Almost 20 years ago, before the internet was in wide use, I still recall the yelling and screaming coming from Winnipeg when an Arizona-bound Winnipeg Jets team traded Teemu Selanne to Anaheim for Chad Kilger nad Oleg Tvrdovsky.
Even given that in February, 1996, there was no hope of keeping the Jets in Winnipeg, fans were absolutely furious, feeling that the Phoenix owners had sold away the franchise player for a promising Russian defenseman who'd have to play like the second coming of Paul Coffey and possibly a 20-goal-scorer--and the trade was seen as one final stab in the back for Winnipeggers because Selanne was both embraced by Manitobans and embraced a prairie province that still isn't exactly seen as a prime destination for NHL'ers who like things like above-freezing weather between November and February.

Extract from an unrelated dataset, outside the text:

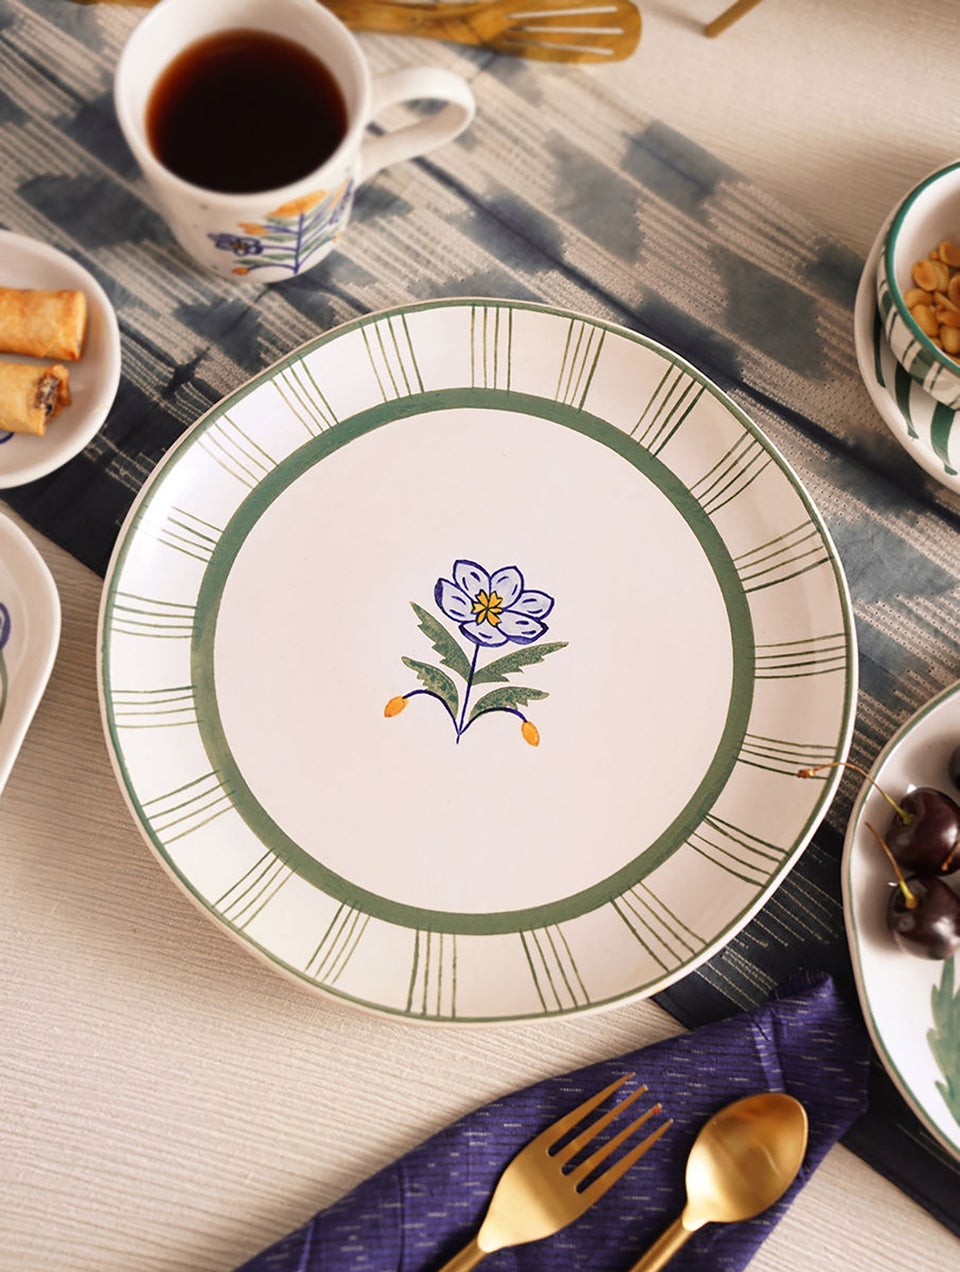 Handpainted Ceramic Dinner Plate

Given that Selanne's #8 is being retired by the Anaheim Ducks on Sunday night, ESPN's Pierre LeBrun picked a helluva time to tell the definitive story of a move that most certainly helped make the Ducks, and a trade that set back a Coyotes team that chose to rid itself of both Selanne and Alexei Zhamnov before the team ever took to the ice in Arizona:
It all began in Jack Ferreira's office one Friday afternoon in early February 1996.
"I was sitting there with [then-Anaheim coach] Ron Wilson. We had both kind of heard rumblings about Winnipeg maybe moving Teemu Selanne," Ferreira recalled to ESPN.com this week. "So we were talking about our team, and then talking about Teemu, and I just said, 'The hell with it.'"

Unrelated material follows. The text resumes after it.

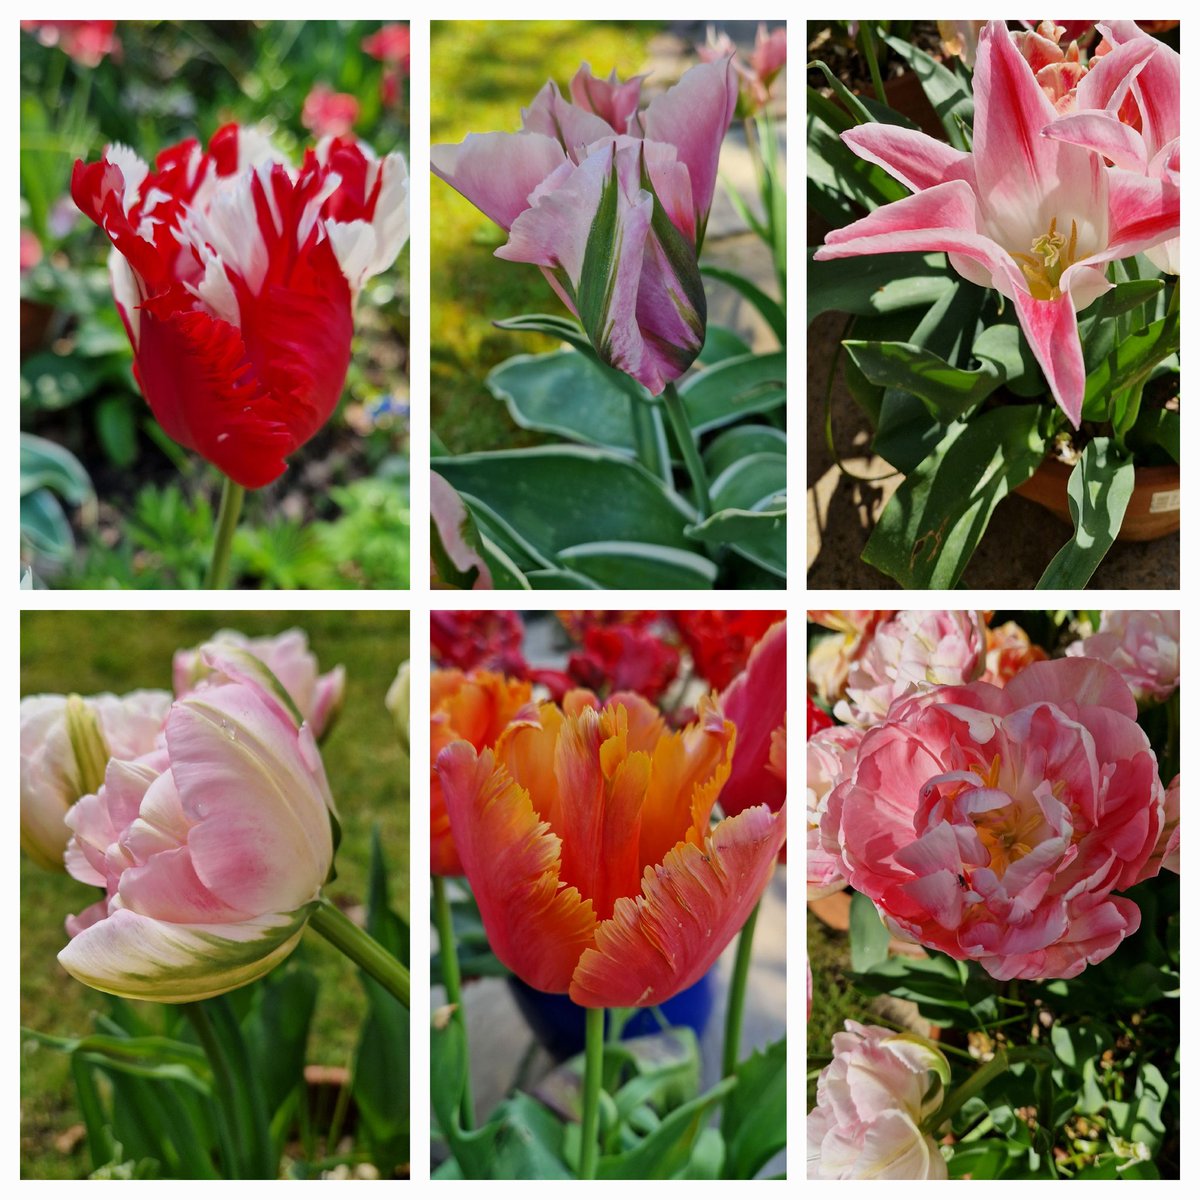 Tulips in my garden are thriving with the rain #tulip #sixonsaturday #garden

Ferreira, general manager at the time of what were called the Mighty Ducks of Anaheim, picked up the phone and called then-Winnipeg Jets GM John Paddock.

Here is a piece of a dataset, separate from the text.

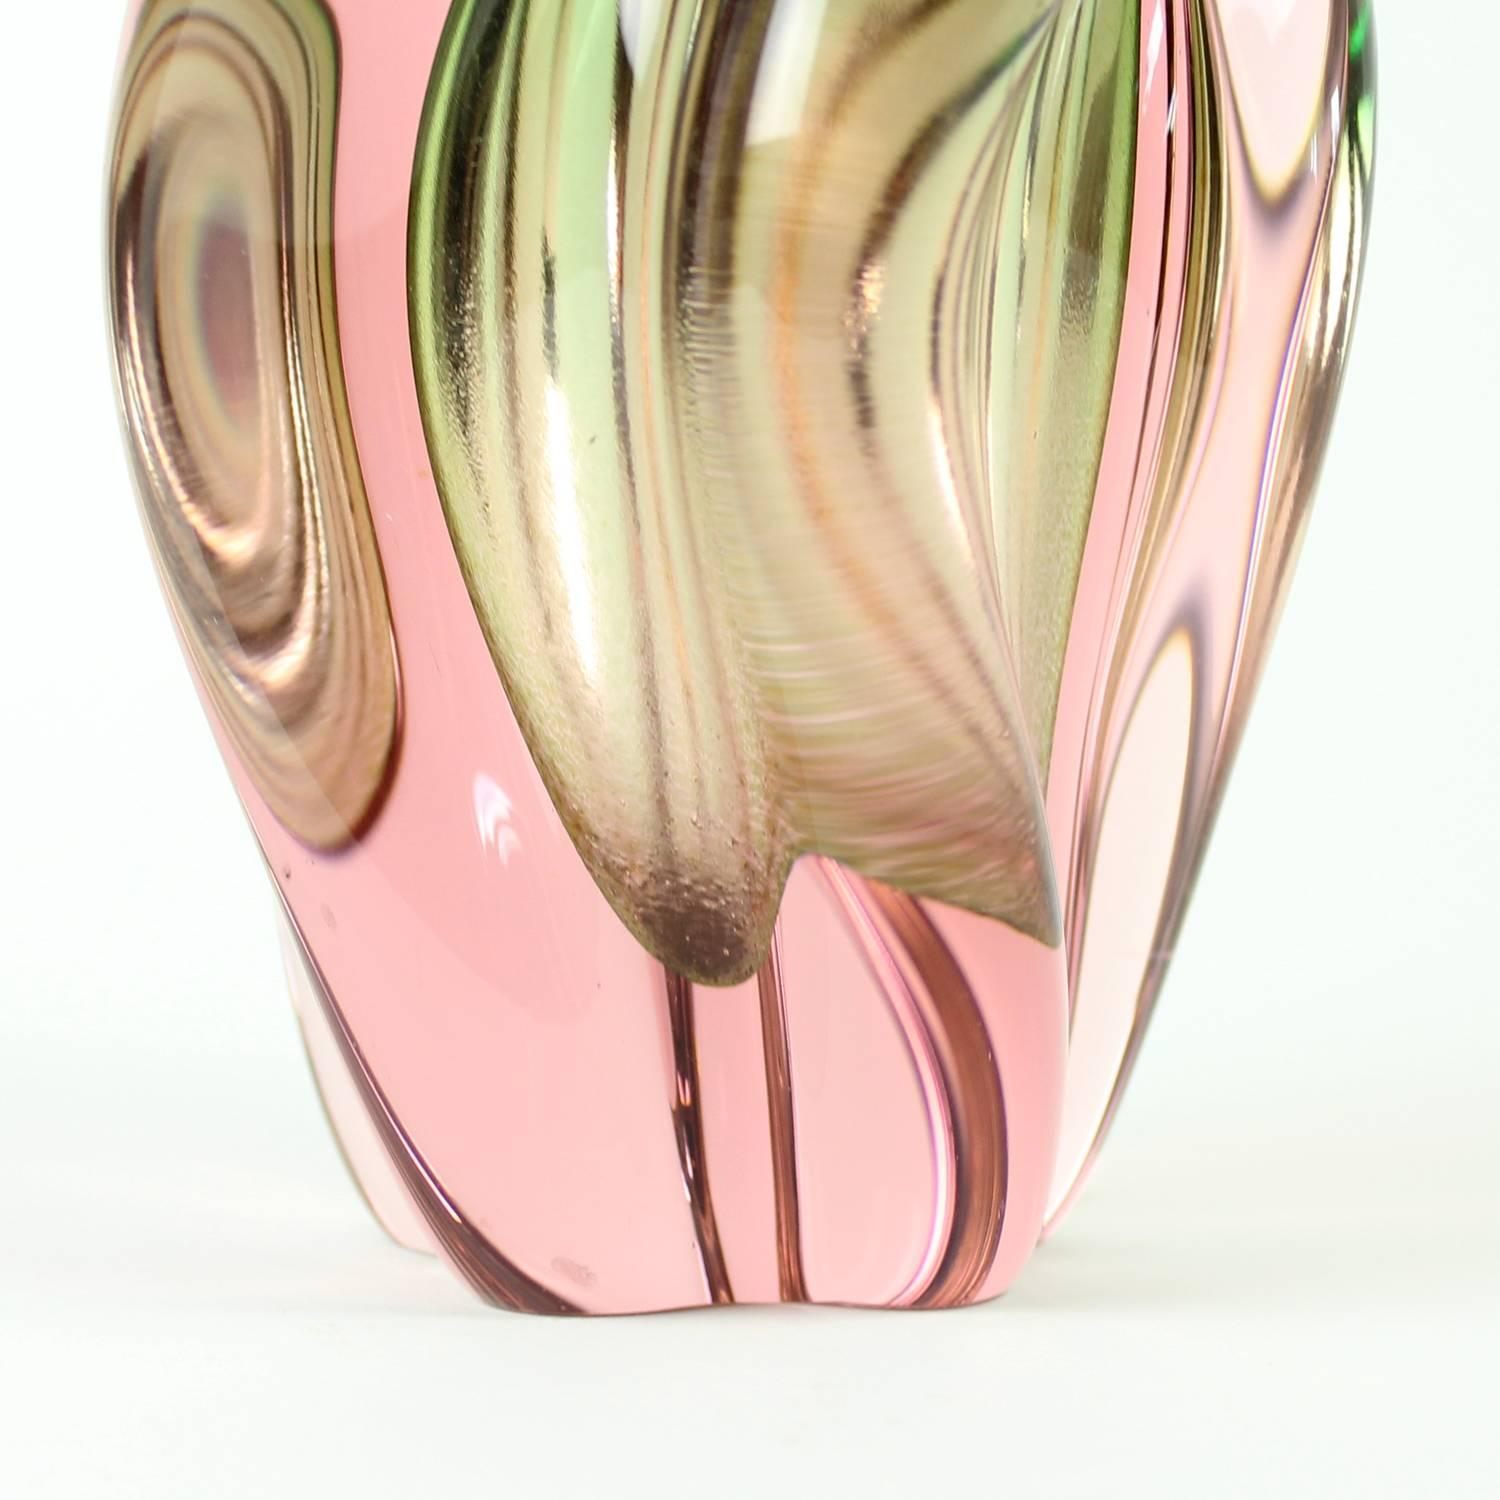 josef hospodka glass vase

"I got him at his house," Ferreira vividly recalled. "I asked him flat-out: 'I heard these rumors, are you looking to move Teemu?' And he said, 'Well, we might.' So right then I said to him: 'I'll give you Oleg Tverdovsky.' Because I had to throw something at him to get his attention. ... John didn't say yes, he didn't say no. But I had his attention."